Drop the pictures and extract exactly the lines from the one that contains "Supermarine Spitfire Mk" through the end of the material.

--- Data section Enclosed Below ---

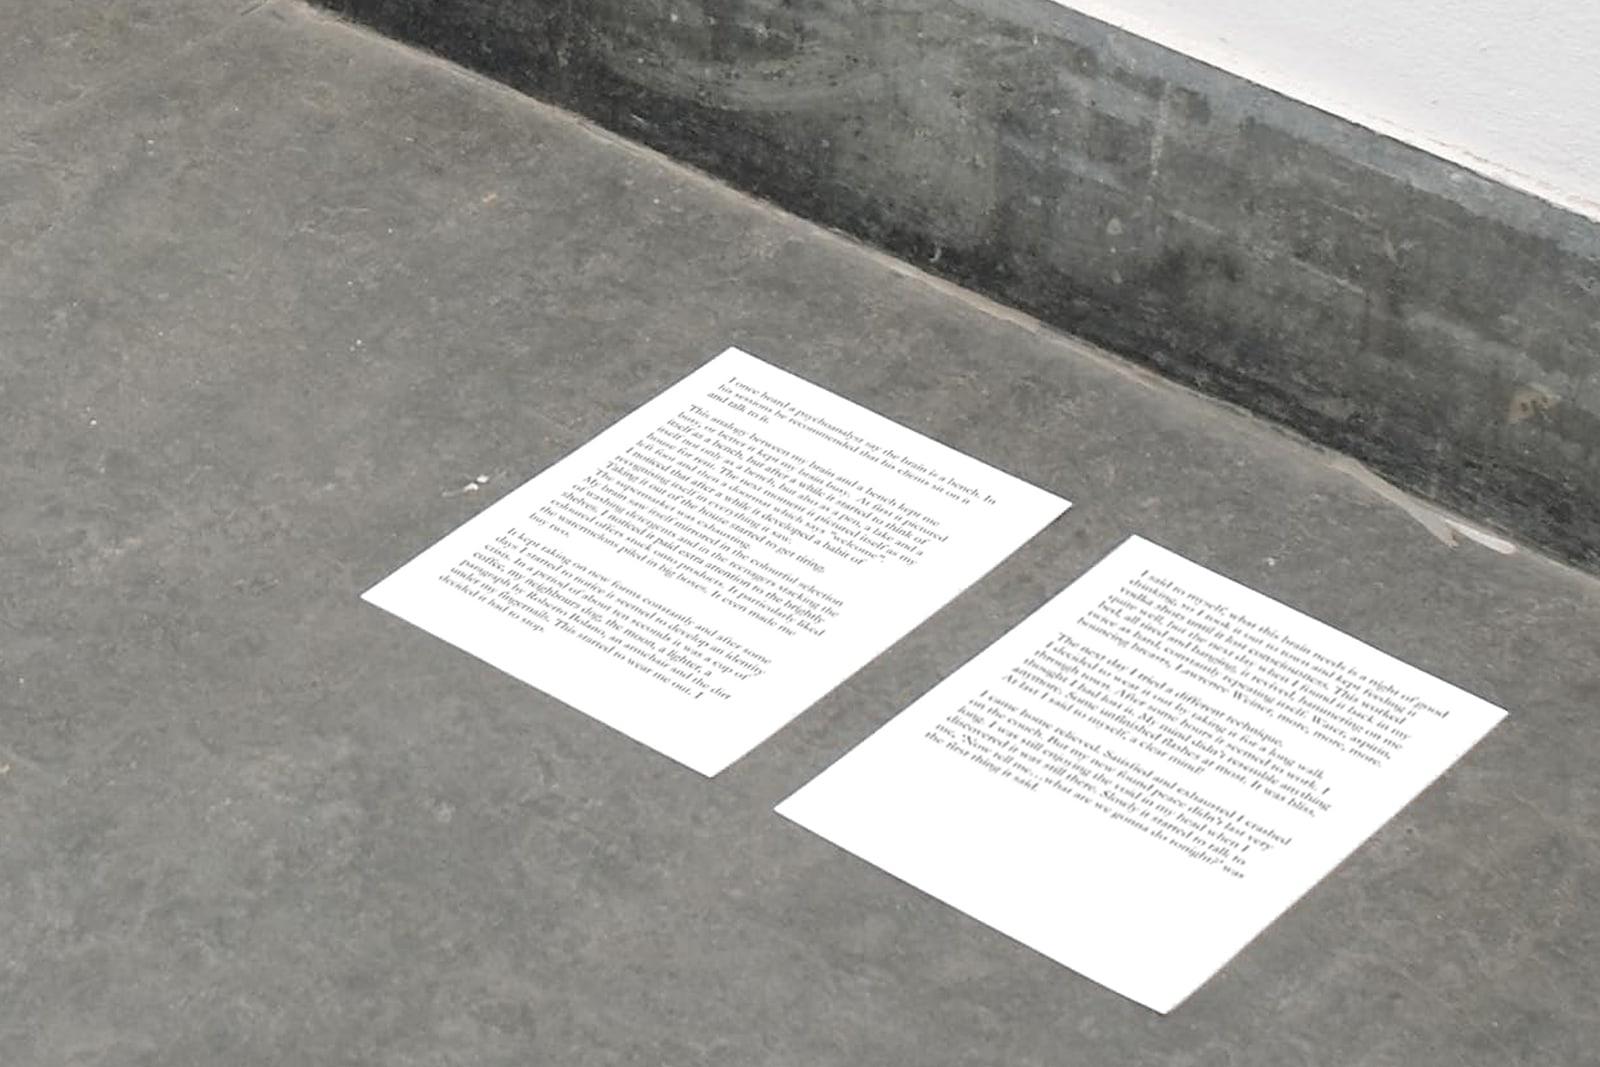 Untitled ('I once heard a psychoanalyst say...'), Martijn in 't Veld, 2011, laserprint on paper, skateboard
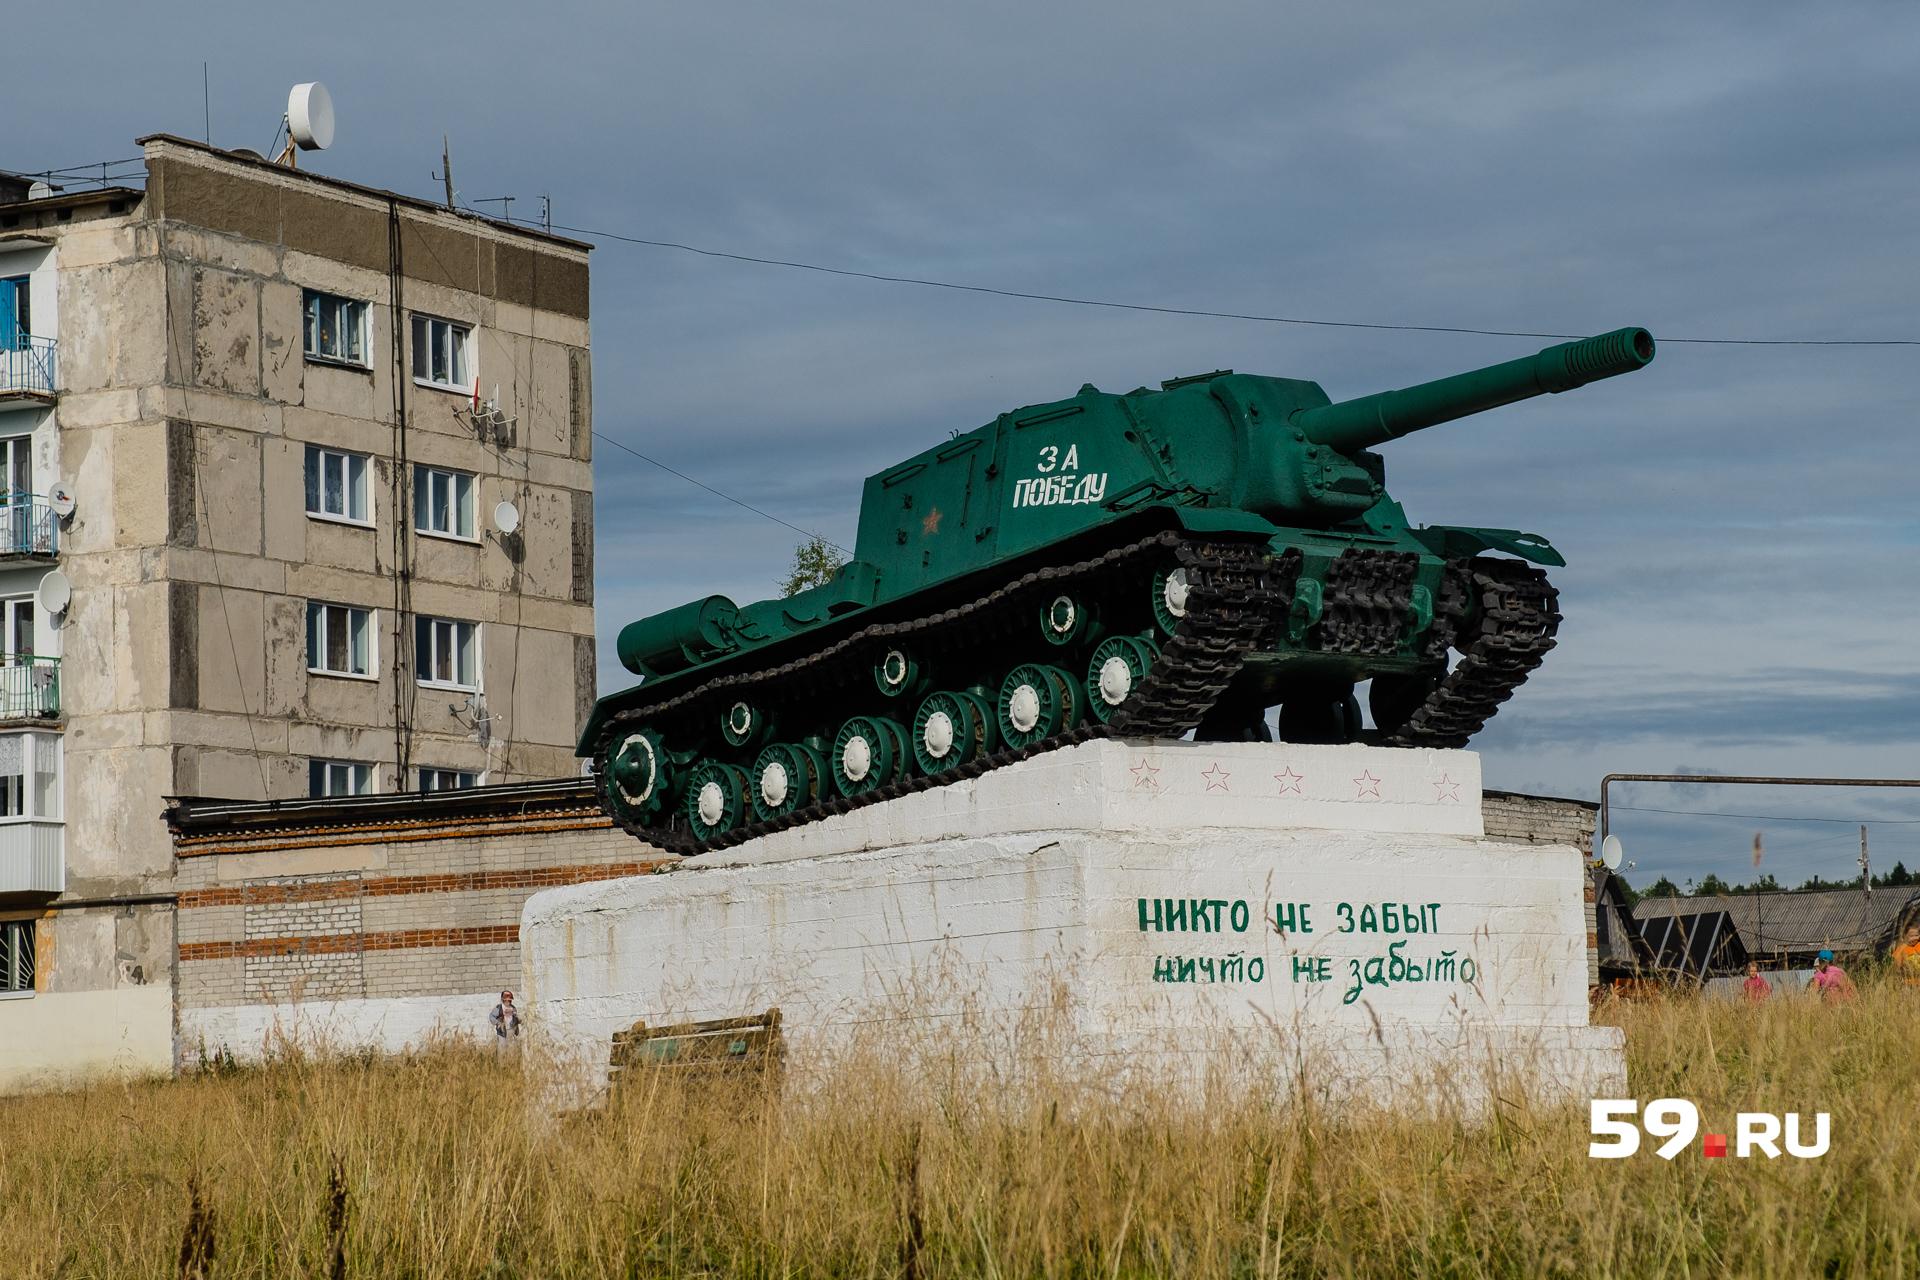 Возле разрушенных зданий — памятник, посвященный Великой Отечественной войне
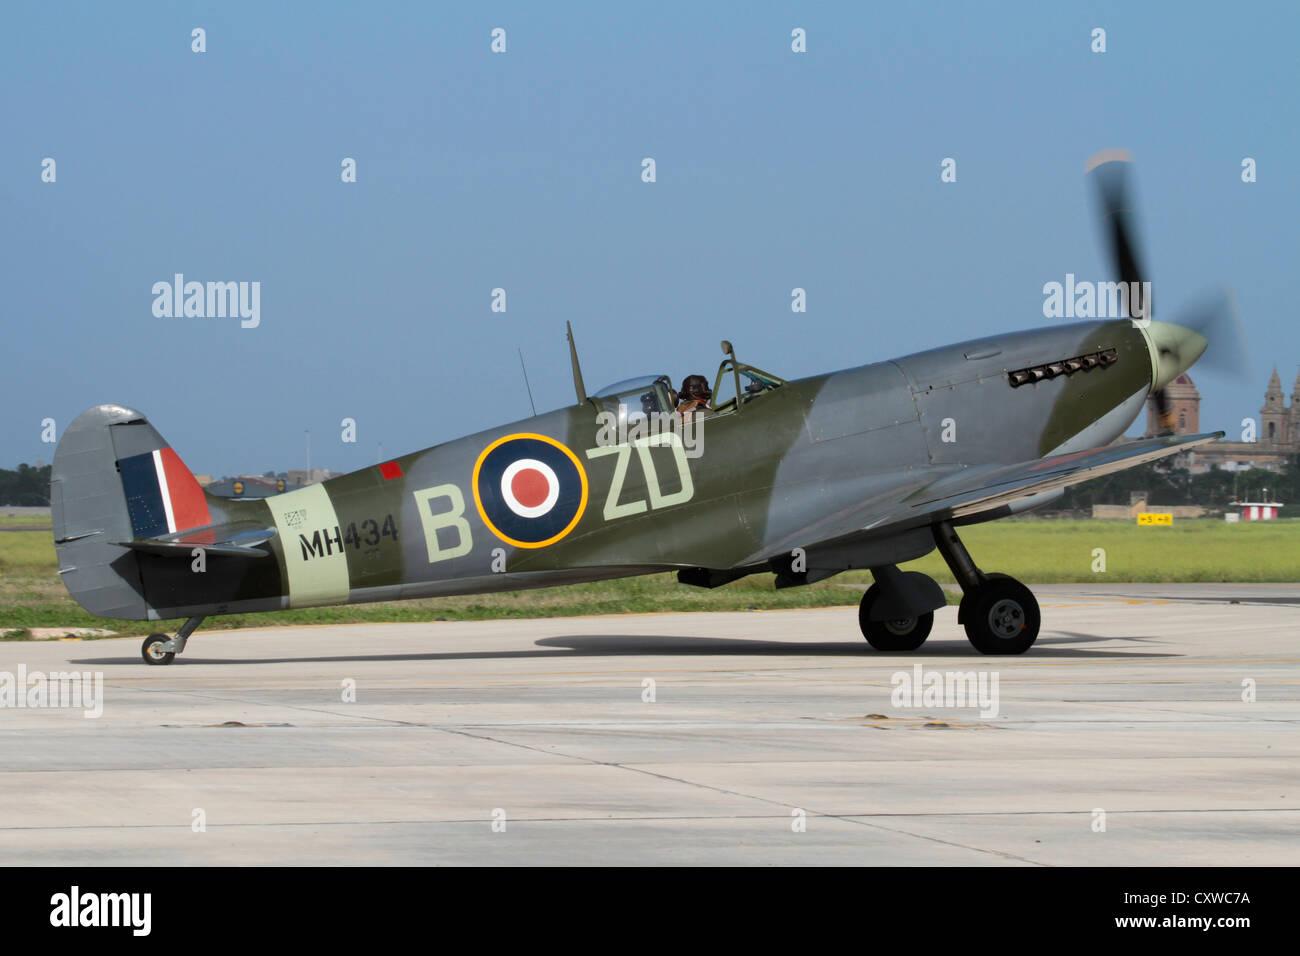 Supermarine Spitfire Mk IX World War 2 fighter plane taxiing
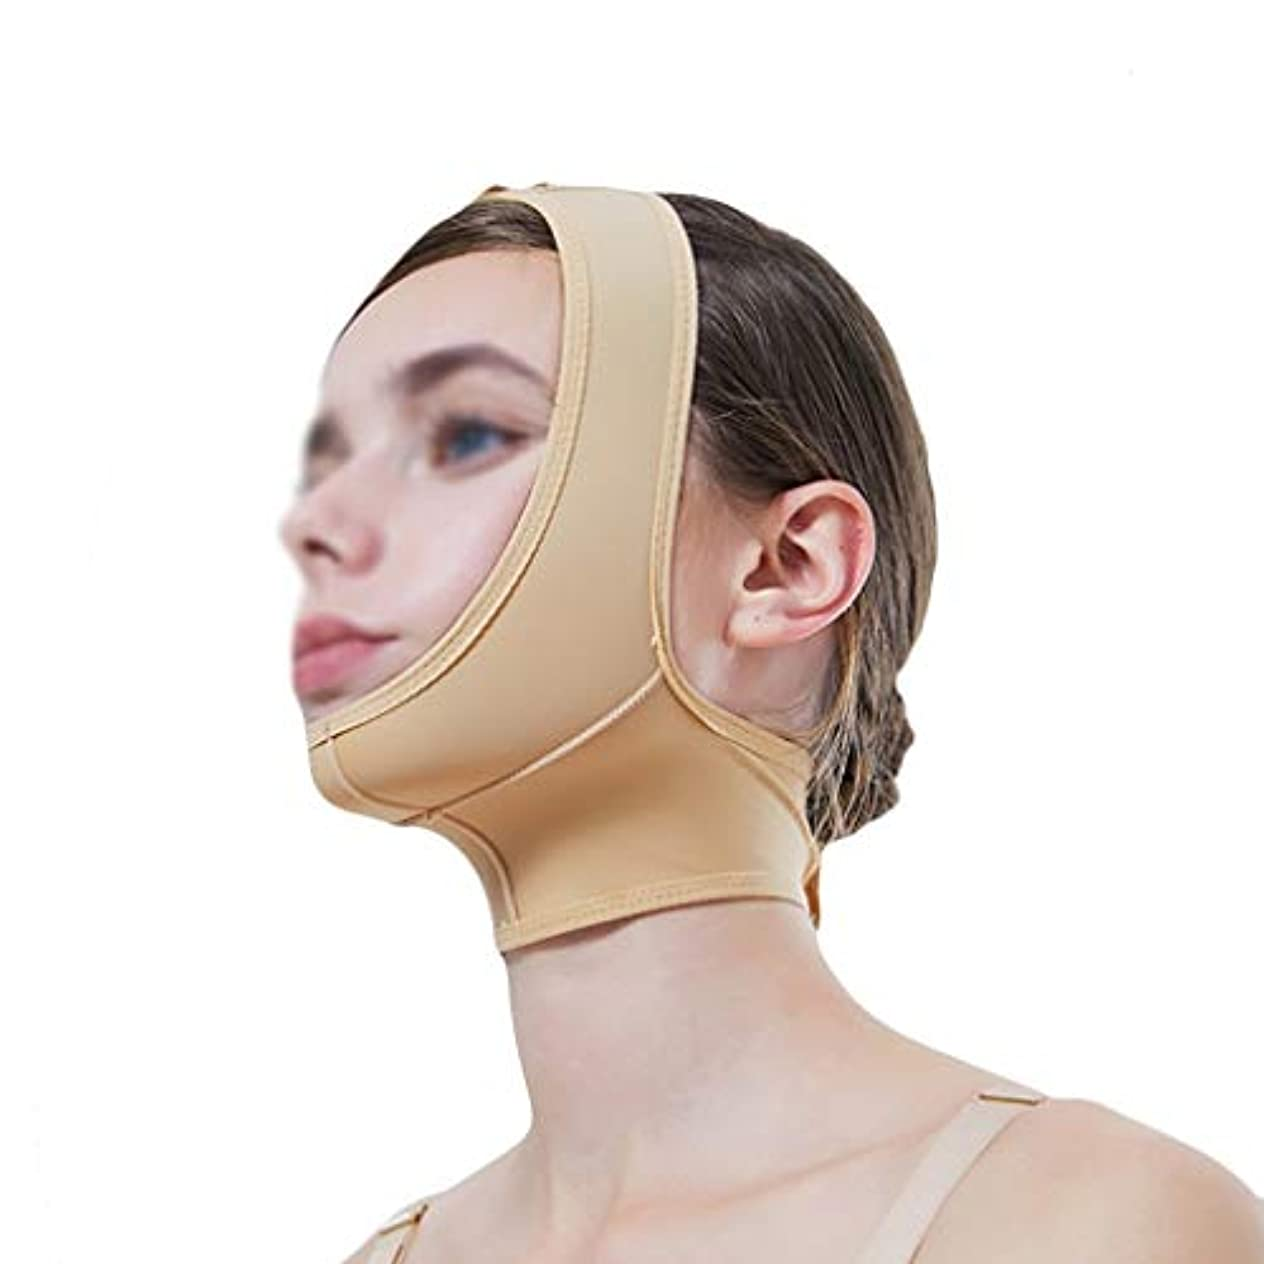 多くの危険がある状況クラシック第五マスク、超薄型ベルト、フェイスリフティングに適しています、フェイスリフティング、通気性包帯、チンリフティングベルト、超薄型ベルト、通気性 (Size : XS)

--- End of Enclosed Data section ---

- **Reply to the exercise**:
 Supermarine Spitfire Mk IX World War 2 fighter plane taxiing
 多くの危険がある状況クラシック第五マスク、超薄型ベルト、フェイスリフティングに適しています、フェイスリフティング、通気性包帯、チンリフティングベルト、超薄型ベルト、通気性 (Size : XS)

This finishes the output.